9 Replies to “Guest Post: “A picture tells a thousand words” by Jennifer Dye Visscher”

  1. Pingback: The Feeding Edge » Guest Post For Endless Trax

  2. Laurel Villa

    Wow! Can I ever relate. I am 48 and I’ve living with AS (undiagnosed until 2007) most of my life. My first flare would have been when I was 13 years old, I just didn’t know it then….
    Your story really spoke to my heart and is a real encouragement to keep fighting! There must be a part two, because you don’t why you are better today?…

    Please tell what’s helped you.
    Thanks,
    Laurel

    Reply
  3. Jennifer Dye Visscher

    Hi Lauren,

    Thank you for such kind words. I will have to think on that – I believe there are so many reasons really. And, doing an “all of the above” approach has worked for me.

    I’ve written about a lot of my journey on my blog that is linked to above but it is in bits and pieces so I really appreciate your comment because I know that it would be good for me to put it together in a more cohesive and timelined manner.

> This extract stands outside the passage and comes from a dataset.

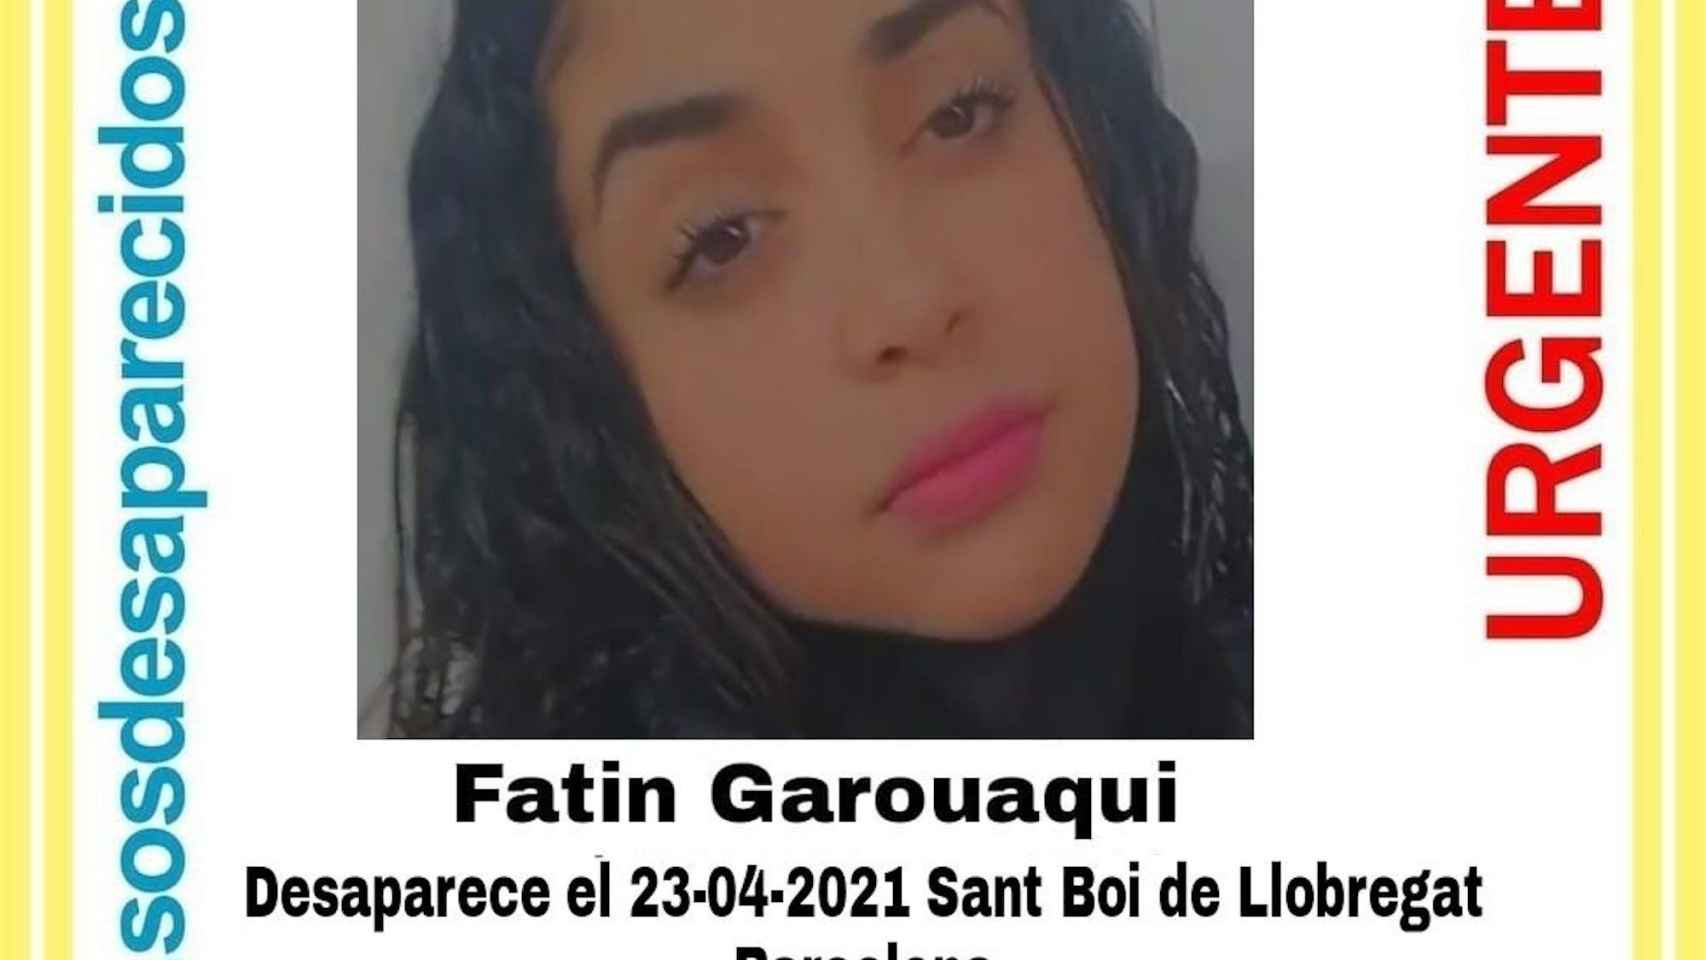 Fatin Garouaqui, la menor desaparecida por segunda vez en tres meses / SOS DESAPARECIDOS

    I wish you all the best. Keep fighting!

    Jenna

    Reply
  4. joanne griffiths

    i just thought id write a short note ffor everyone i ‘lived’ undiagnosed with as from the age of 15 until 38 being told i had sciatica and all other pains were supposedly consequences of the sciatica until i was sent to an eye speciallist suffering with severe irisitis who then refered me for test for as (the two are strongly linked) so after tests and mri scan to confirm as my rheumatologist put me on Ethanercept (Embrel) injections once a week and i am a new woman i can honestly state that after all those years with some degree of pain every single day from the first injection i have not had a single twinge of pain since!

    Reply
  5. Endless Trax

    Thank you for sharing Joanne.

    So glad you finally managed to get the treatment you deserved in the end. I’m even more pleased that your pain and suffering has gone into hiding for now.

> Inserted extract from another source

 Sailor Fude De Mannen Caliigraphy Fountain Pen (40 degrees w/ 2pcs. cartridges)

    It must feel great to have that new lease of life. Maybe that will come to me too one day, maybe it won’t. Either way I’ll be here fighting all the way.

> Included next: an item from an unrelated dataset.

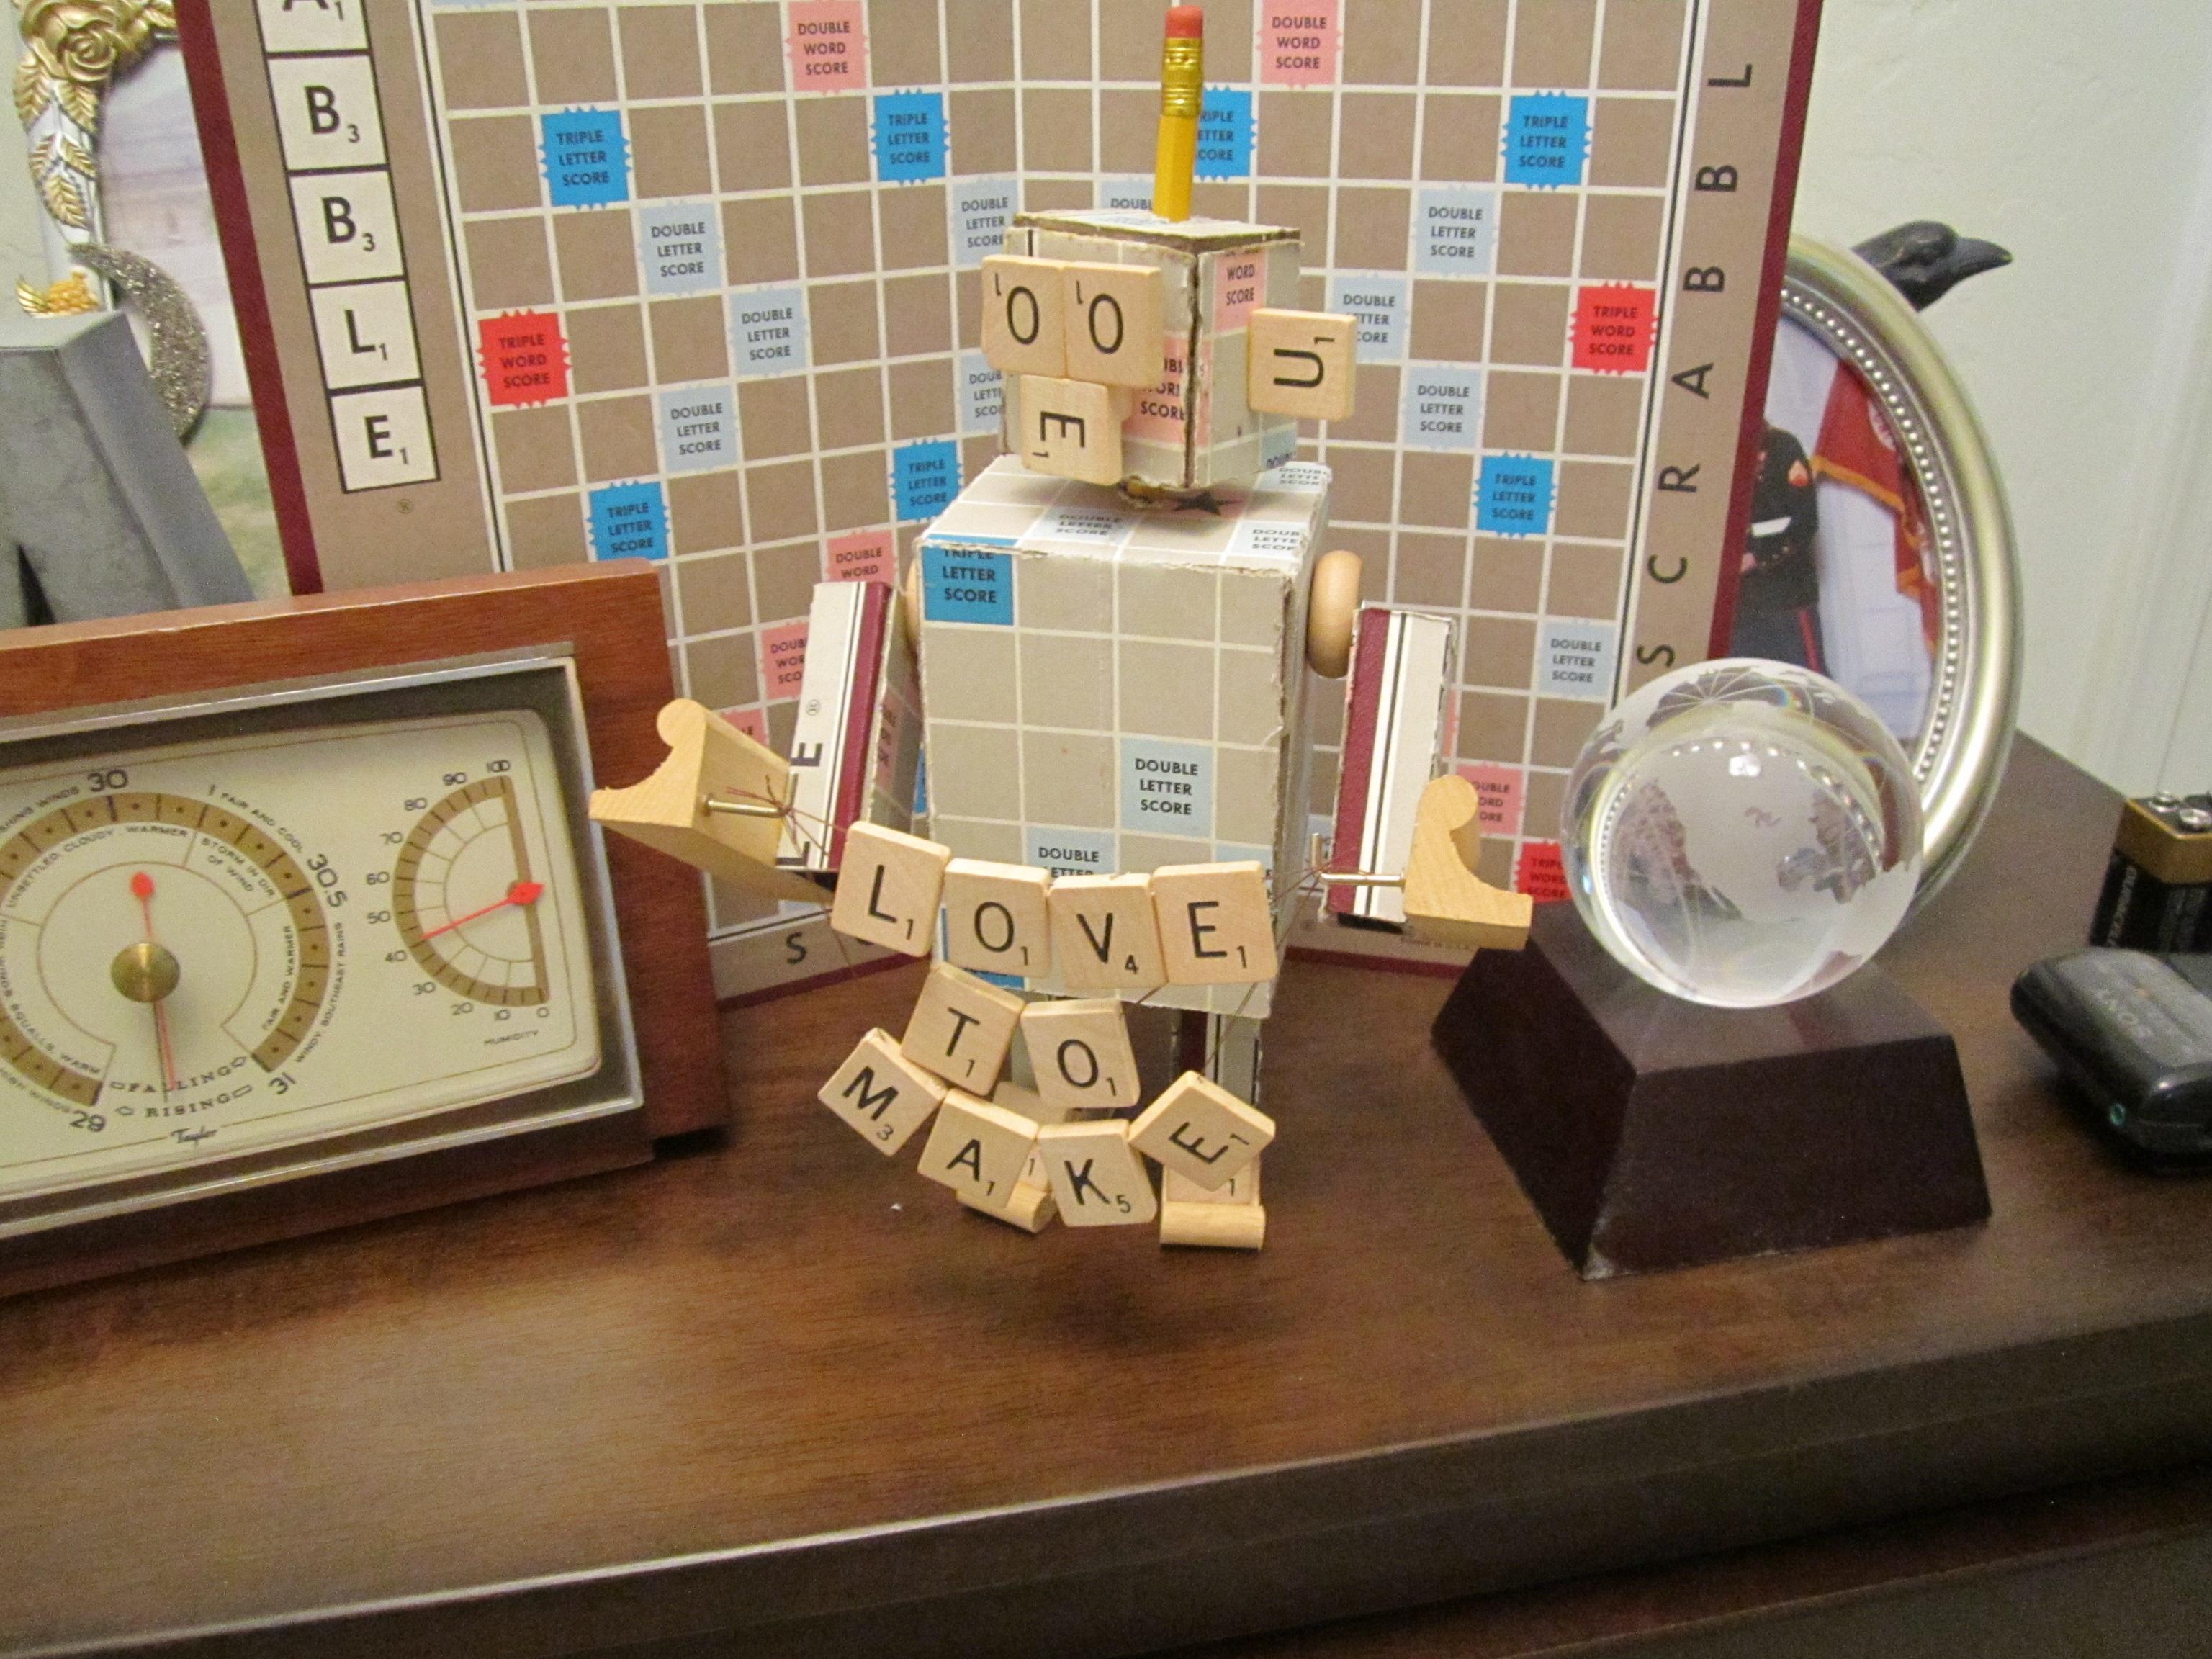 Meet 'OOE' the Scrabble Robot

    Kicking and Screaming till the end…

    Reply
  6. Kim Herrick

    Thank you for your encouraging words. I’ve had AS since I was in my early teens. Ironically, I knew what I had but it did not have a name. For years, i was told i was healthy and simply needed more exercise. Anyone with AS understands my frustration. I cant believe how strong I can be and how much I’ve pushed through.

    Only three weeks ago and two weeks before my 50th birthday did I get a diagnosis. I was hanging on by a thread. Now I can research not only what I can do to ease my symptoms but how to manage my perception of the ailments. You offer a glimpse of the sunshine in life I refuse to live without. HOPE

    Reply
  7. carol

    Oh my! That is exactly how I feel. Lost within myself. I had my first symptom when I was 13, I am now 55 with many bones fused and years of severe pain treated with morphine, but no diagnosis/ scans until last year. Years of agony. Being told I have ME,told by one rheumatologist I have fibromyalgia; refused a second referral to another rheumatologist so I had to pay. She diagnosed AS with an MRI scan. I am hoping now for anti TNF.

    Reply
  8. Angela Pearson (@angelahpearson)

    Hi,
    I think I am getting to the same mindset. I was diagnosed with AS 2 years ago and told I have had it about 10 years before that. It’s a bit like a bereavement you go through phases, relief at a diagnosis, anger – why me, depression being unable to live as you wish and then you get to acceptance of your symptoms and your spirit rises again and you start to fight back. We still have a life to live even if we have to adapt it.